--- START ---
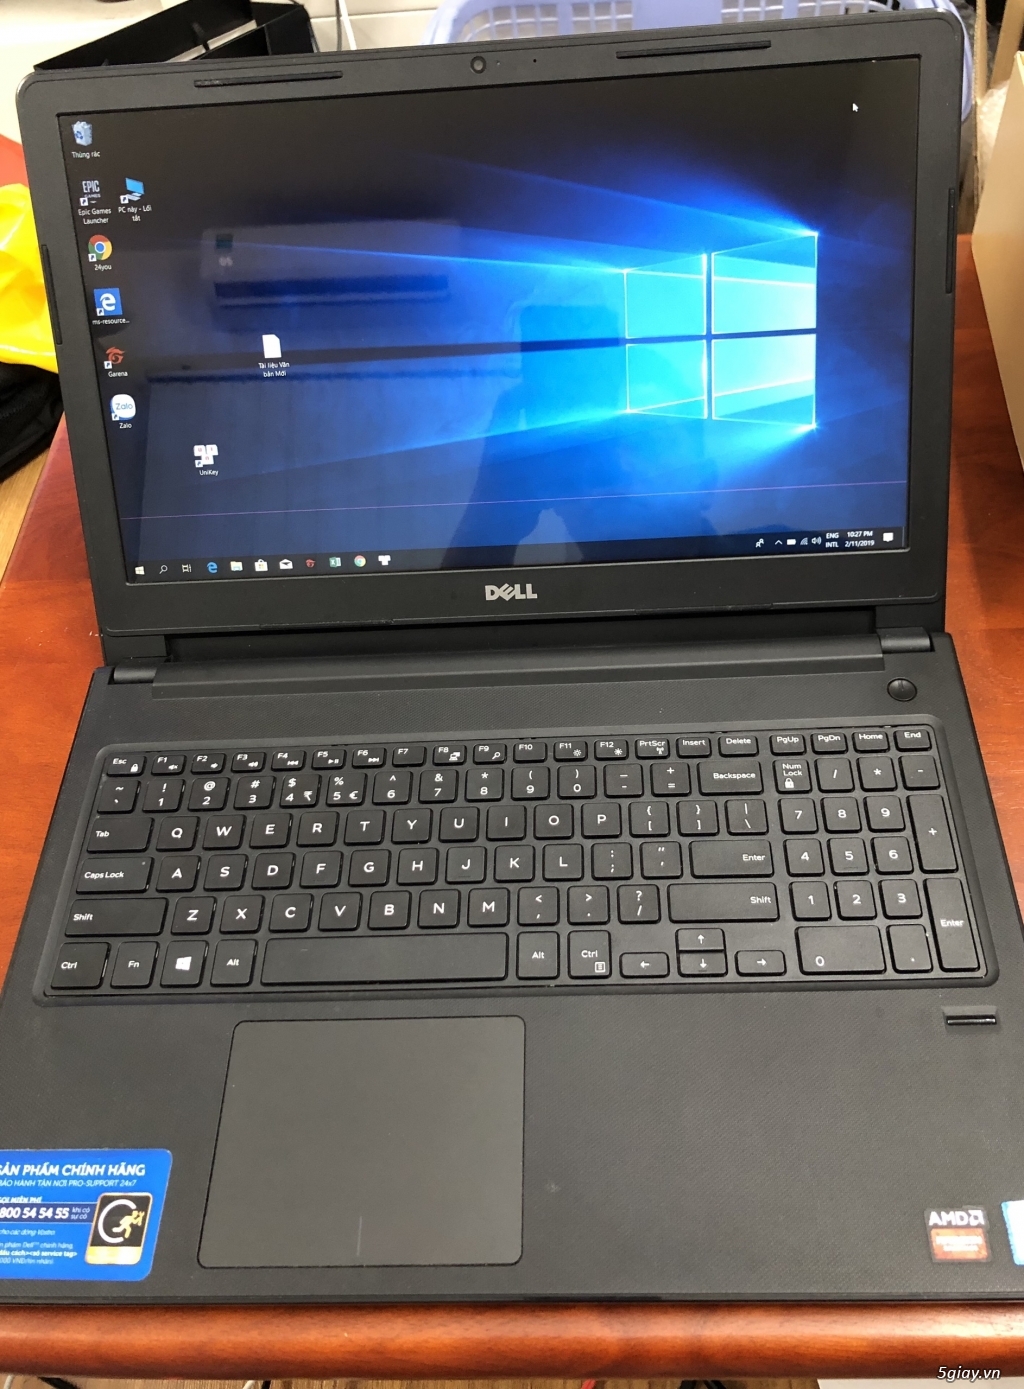 Bán Laptop Dell Vostro 3568 i7 7500U giá rẻ, tdm bình dương - 4
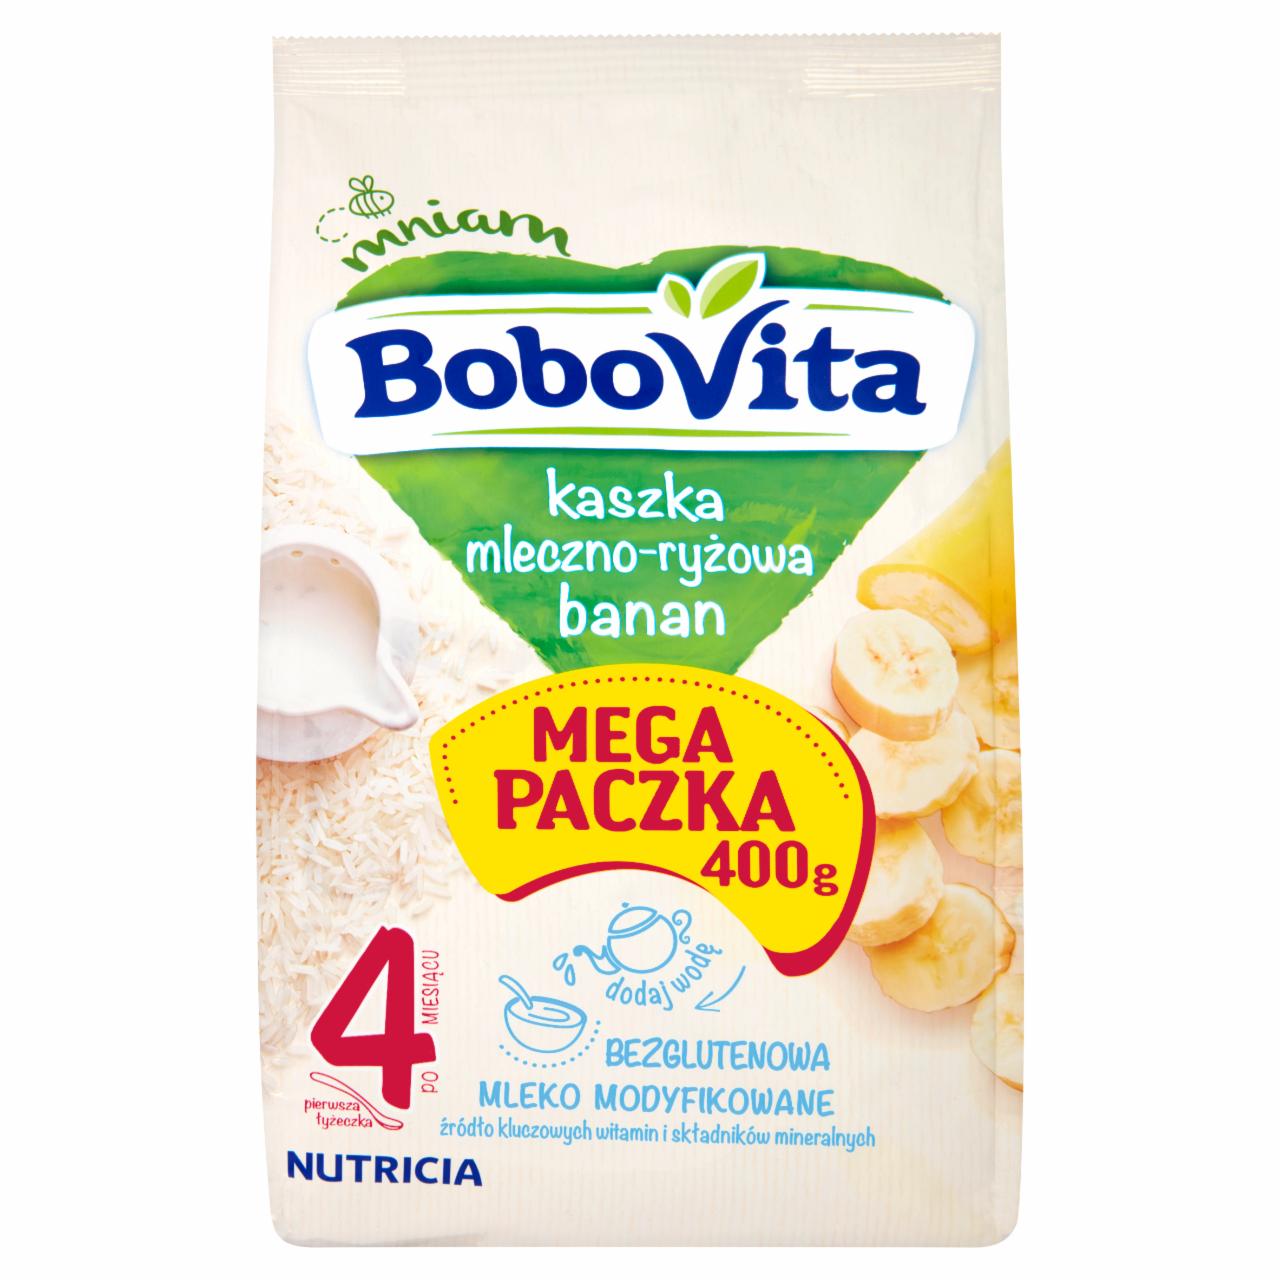 Zdjęcia - BoboVita Kaszka mleczno-ryżowa banan po 4 miesiącu 400 g
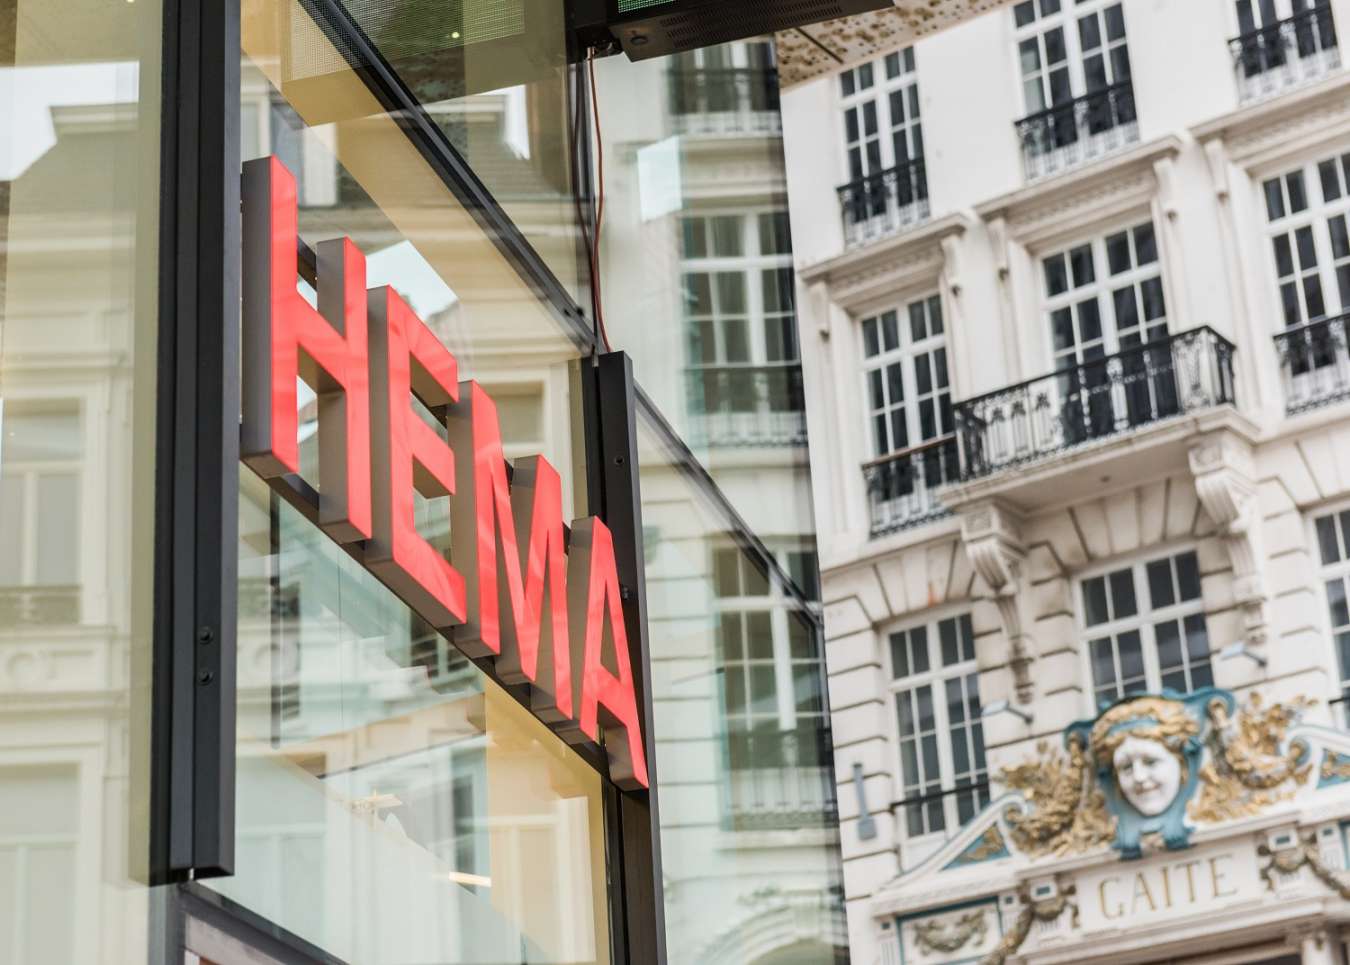 bijnaam genie plotseling Hema opent eerste Belgische flagshipstores met internationale formule -  RetailDetail BE
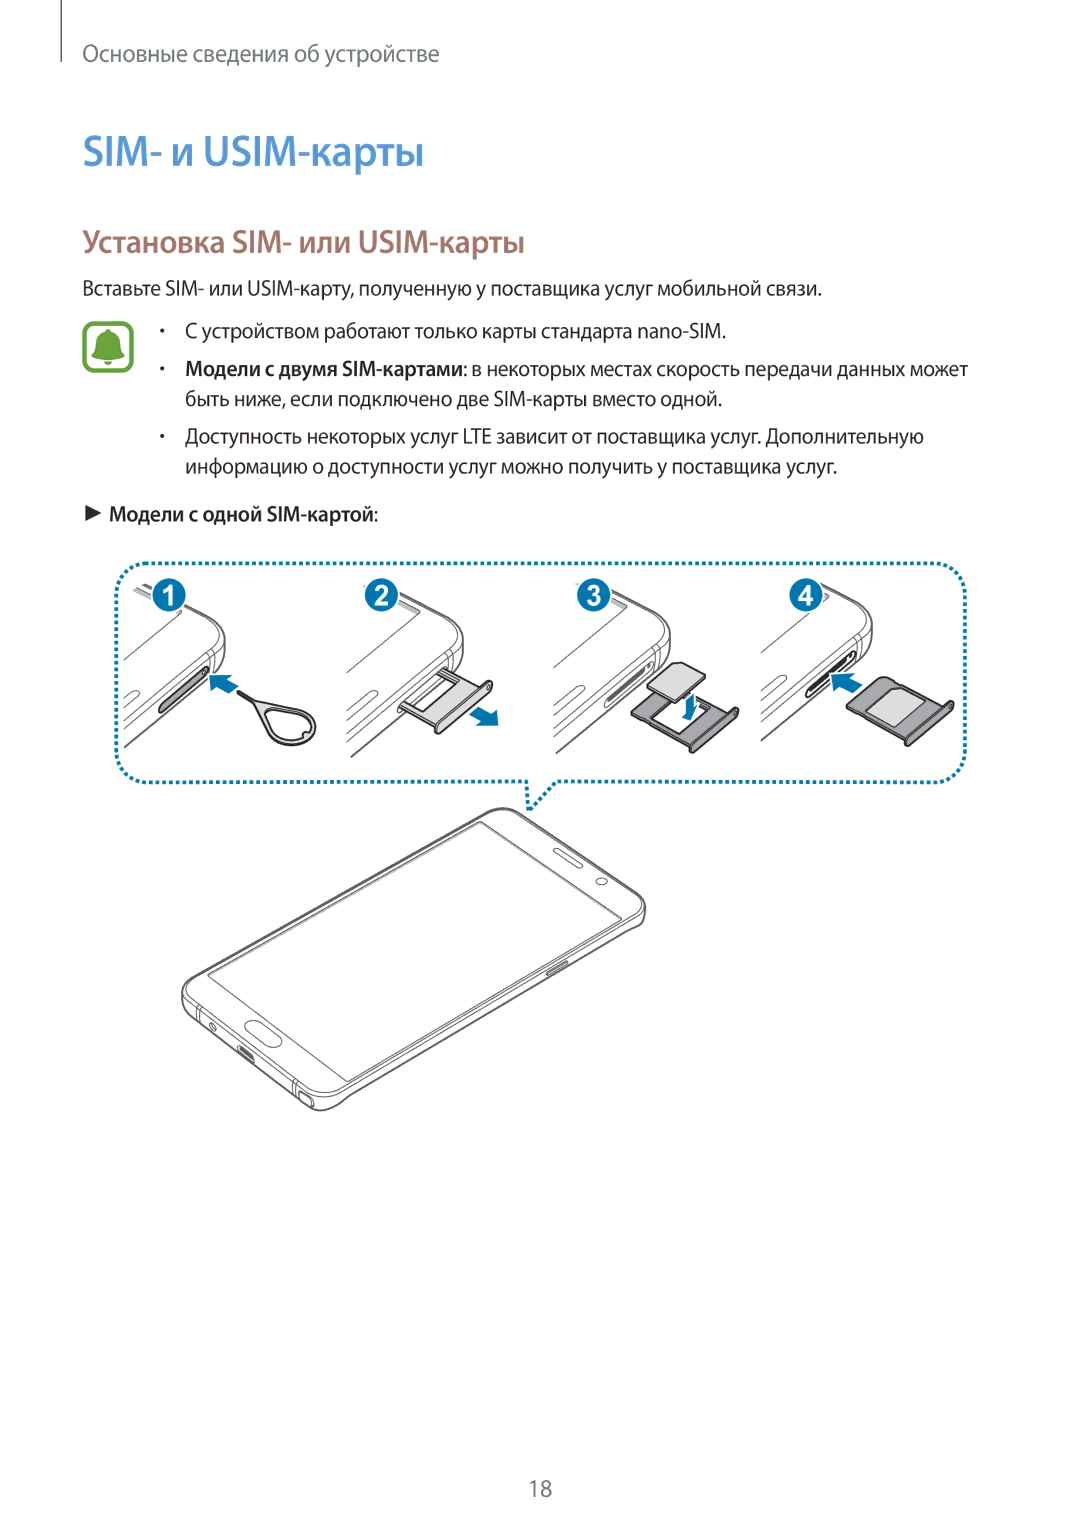 Samsung SM-N920CZKESER, SM-N920CZDESER manual SIM- и USIM-карты, Установка SIM- или USIM-карты, Модели с одной SIM-картой
--- END ---
Could the listing above be transcribed exactly, with the pictures left out?

--- TASK OUTPUT ---
 Bán Laptop Dell Vostro 3568 i7 7500U giá rẻ, tdm bình dương - 4
 Zdjęcia - BoboVita Kaszka mleczno-ryżowa banan po 4 miesiącu 400 g
 bijnaam genie plotseling Hema opent eerste Belgische flagshipstores met internationale formule -  RetailDetail BE
 Samsung SM-N920CZKESER, SM-N920CZDESER manual SIM- и USIM-карты, Установка SIM- или USIM-карты, Модели с одной SIM-картой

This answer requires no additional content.